EnDyna is looking to develop and implement machine learning models that process large-scale unstructured and structured text data in the cybersecurity domain.
Requirements
- Strong proficiency in Python and libraries such as spaCy, NLTK, Hugging Face Transformers, TensorFlow, or PyTorch.
- 8-10 years of experience building, training, and deploying NLP models in production environments.
- Strong knowledge of data engineering concepts: ETL processes, SQL/NoSQL databases, and data pipeline tools (e.g., Apache Spark, Airflow).
- Solid understanding of machine learning methods and predictive modeling.
- Experience working with cybersecurity datasets (e.g., CVE data, threat intelligence feeds, log analysis).
- Familiarity with cybersecurity frameworks (e.g., MITRE ATT&CK, NIST).

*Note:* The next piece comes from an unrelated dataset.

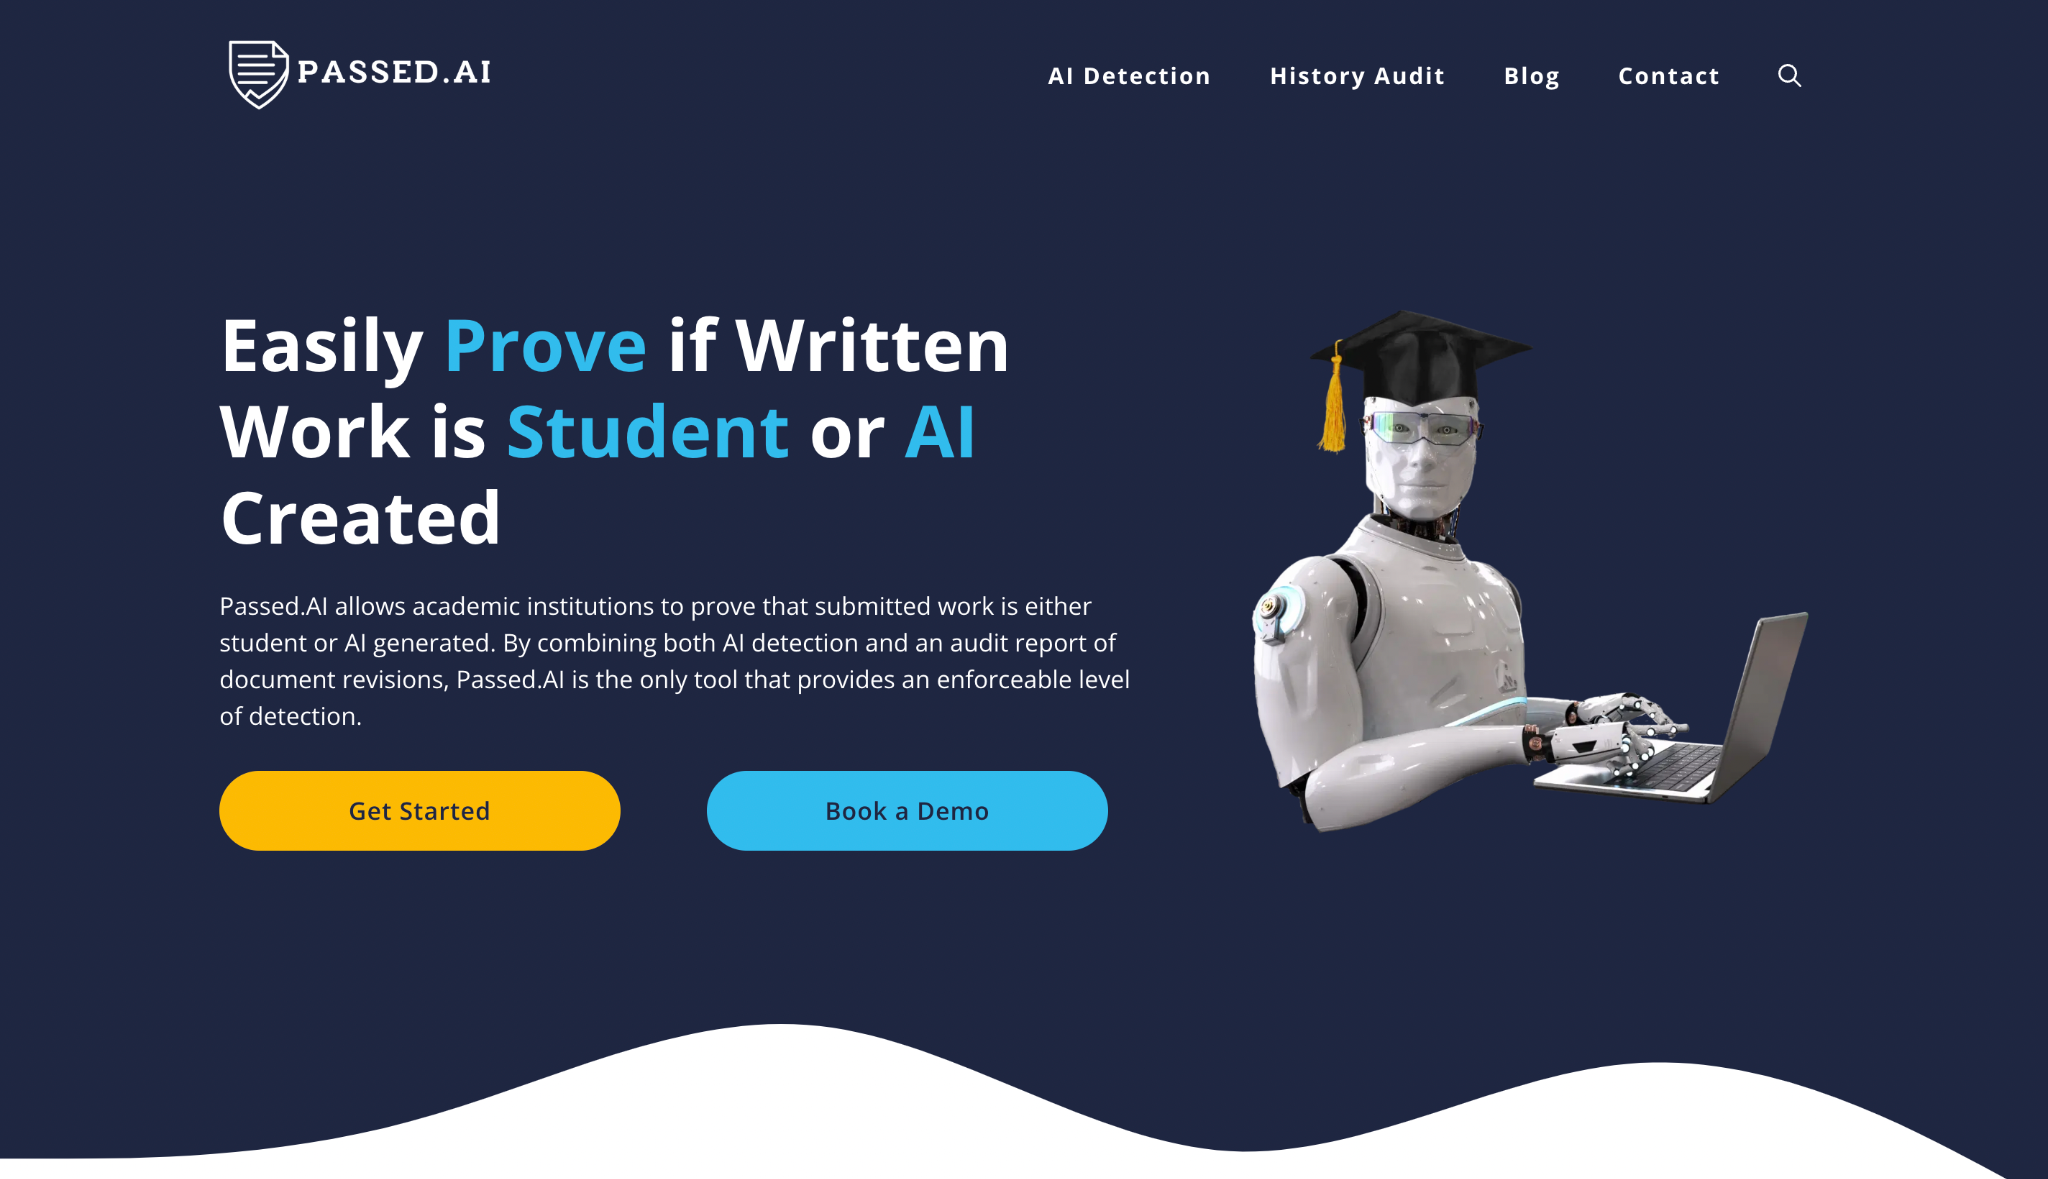 Passed.AI Website Banner

- Experience with cloud platforms (AWS, Azure, or GCP).
Responsibilities
- Design, develop, and deploy NLP pipelines for extracting, processing, and analyzing large-scale cybersecurity-related text data (e.g., threat reports, logs, vulnerability disclosures).
- Build and optimize predictive models to identify, classify, and forecast cybersecurity risks and trends.
- Implement advanced algorithms such as named entity recognition (NER), topic modeling, sentiment analysis, and text summarization.
- Develop data ingestion and transformation workflows from multiple structured and unstructured data sources.
- Design and maintain scalable data pipelines and data lakes to support analytics and model training.
- Conduct exploratory data analysis (EDA) to identify patterns, anomalies, and actionable insights.
- Perform feature engineering to enhance model accuracy and relevance.
Other
- Bachelor’s or Master’s degree in Artificial Intelligence, Data Science, Computer Science, or related field.
- Excellent analytical, problem-solving, and communication skills.
- Need to be a US citizen.
- Familiarity with containerization (Docker) and CI/CD for ML deployment.
- Free parking and close access to public transit.